Time for a new programming paradigm?

I have a very strong resistance to the practice of doing something [anything!] just because “it is the way we have always done it”. I love to play Devil’s Advocate [or “Devil’s Avocado” as I heard someone quip the other day] and propose change just to shake things up. It may be that the tried and tested approach is, indeed, the best, but you cannot be sure until you have considered that other options.

When it comes to embedded programming, it is easy – most people use C or similar languages. But is that the only way? …

Why is C [along with languages similar to it] the most common way to code embedded software, when other options are used somewhat more widely for desktop software development? I think that there are two main reasons. First, embedded developers are quite conservative and resist new ideas until they are proven, and the benefits are clearly apparent – “if it ain’t broke, don’t fix it”. That is not such a bad attitude to take if you want to produce reliable code in a predictable time [or, at least, have a good shot at these laudable objectives]. The second reason is that many embedded developers have either started out [like me] in assembly language programming. The programming paradigm of procedural languages is much the same as assembly language and, hence, the native machine code of the CPU. So, C feels “right” and must be most efficient. Well, maybe.

There are other possibilities, which really should be considered when starting out on an embedded project:

• object oriented programming
• threaded interpretive languages
• concurrent programming
• declarative programming

Most developers will have encountered the concepts of object orient programming [OOP] and probably think about C++. However, C++ is really a procedural language [after all, it is, in effect, a superset of C] with some OOP features. It is a widely held belief that OOP languages result in bloated code/data, which wastes resources on smaller systems. Although this can occur, it is not an intrinsic characteristic of OOP in general or C++ in particular; it all depends on the implementation and how the language is used. OOP can be excellent for embedded development as it enables arcane functionality to be embedded into objects, which can then be safely reused by engineers unfamiliar with the internals of the object. A good example is the interfacing to some complex peripheral devices.

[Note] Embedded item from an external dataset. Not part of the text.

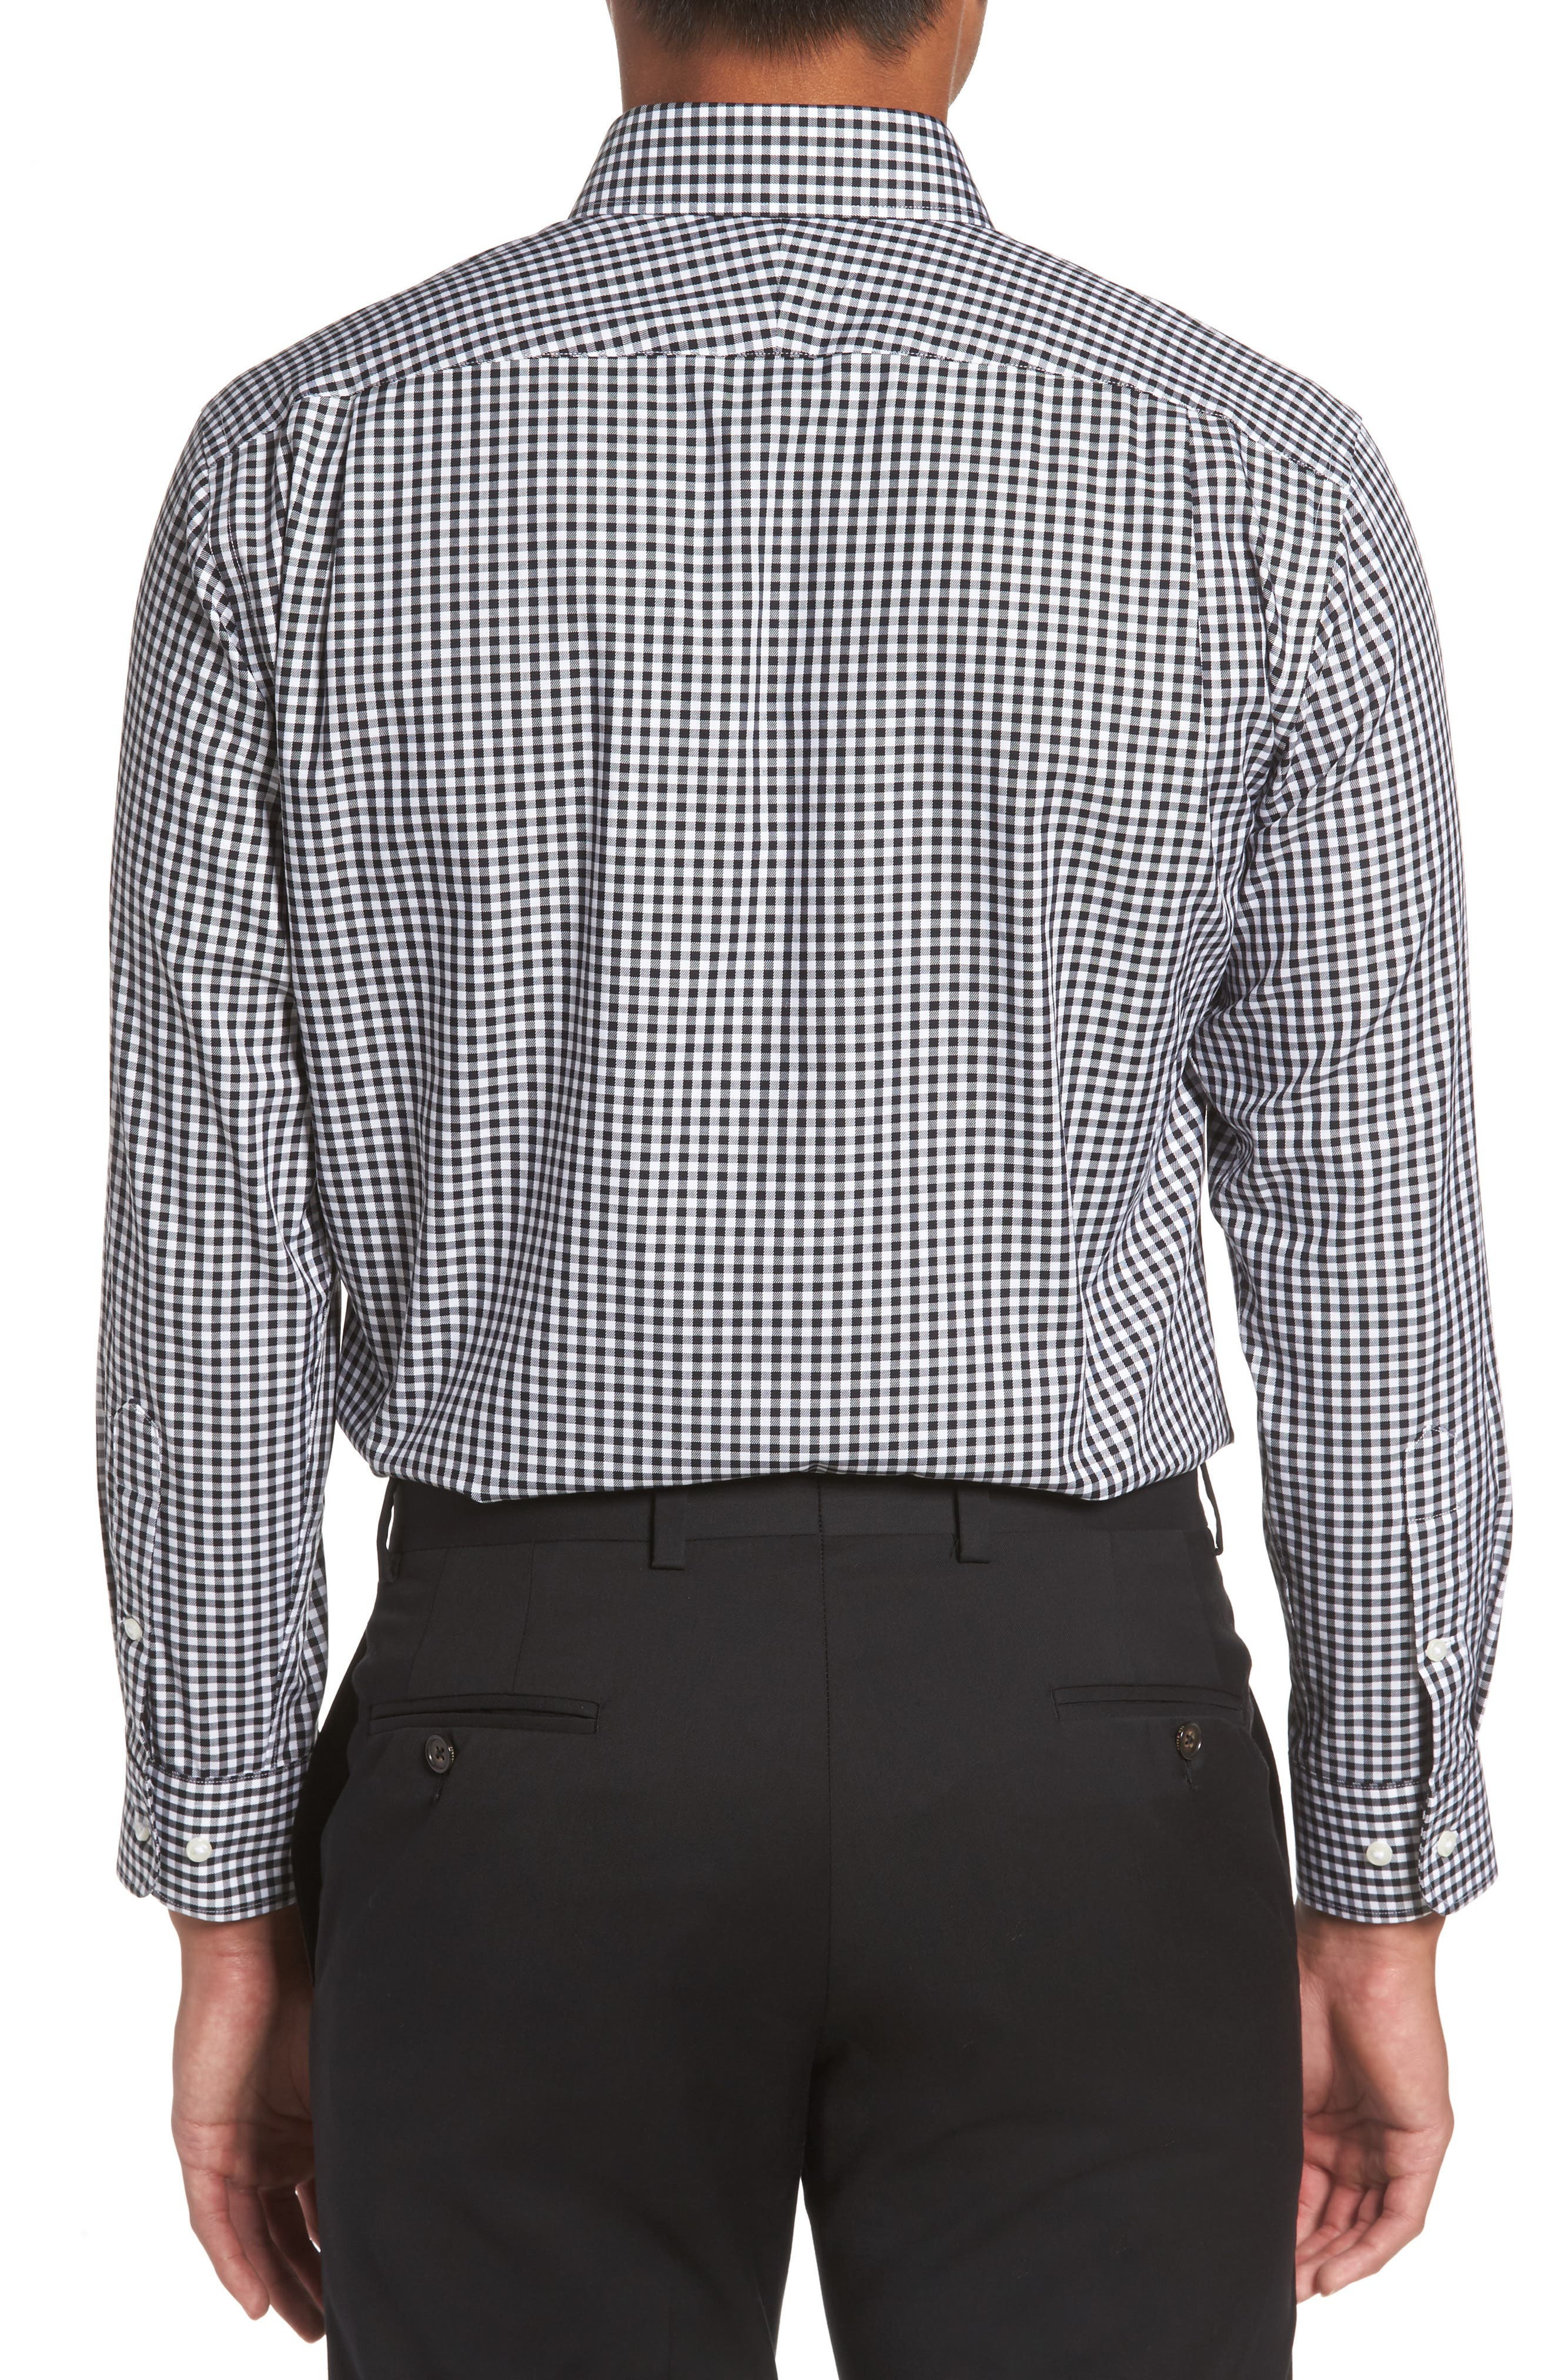 Trim Fit Non-Iron Gingham Dress Shirt,                             Alternate thumbnail 2, color,                             BLACK ROCK

The best known threaded interpretive language [TIL] is Forth. It is curious because it is one of only a few languages that was actually designed with embedded applications in mind. TILs commonly offer a very interactive programming environment, which encourages bottom up implementation [which I would tend to favor – that is another story …]. The code tends to be very compact and, instead of using variables [all the time] makes heavy use of a data stack. In my experience, people either get the reverse Polish logic, and are comfortable with it straight away, or they abhor it.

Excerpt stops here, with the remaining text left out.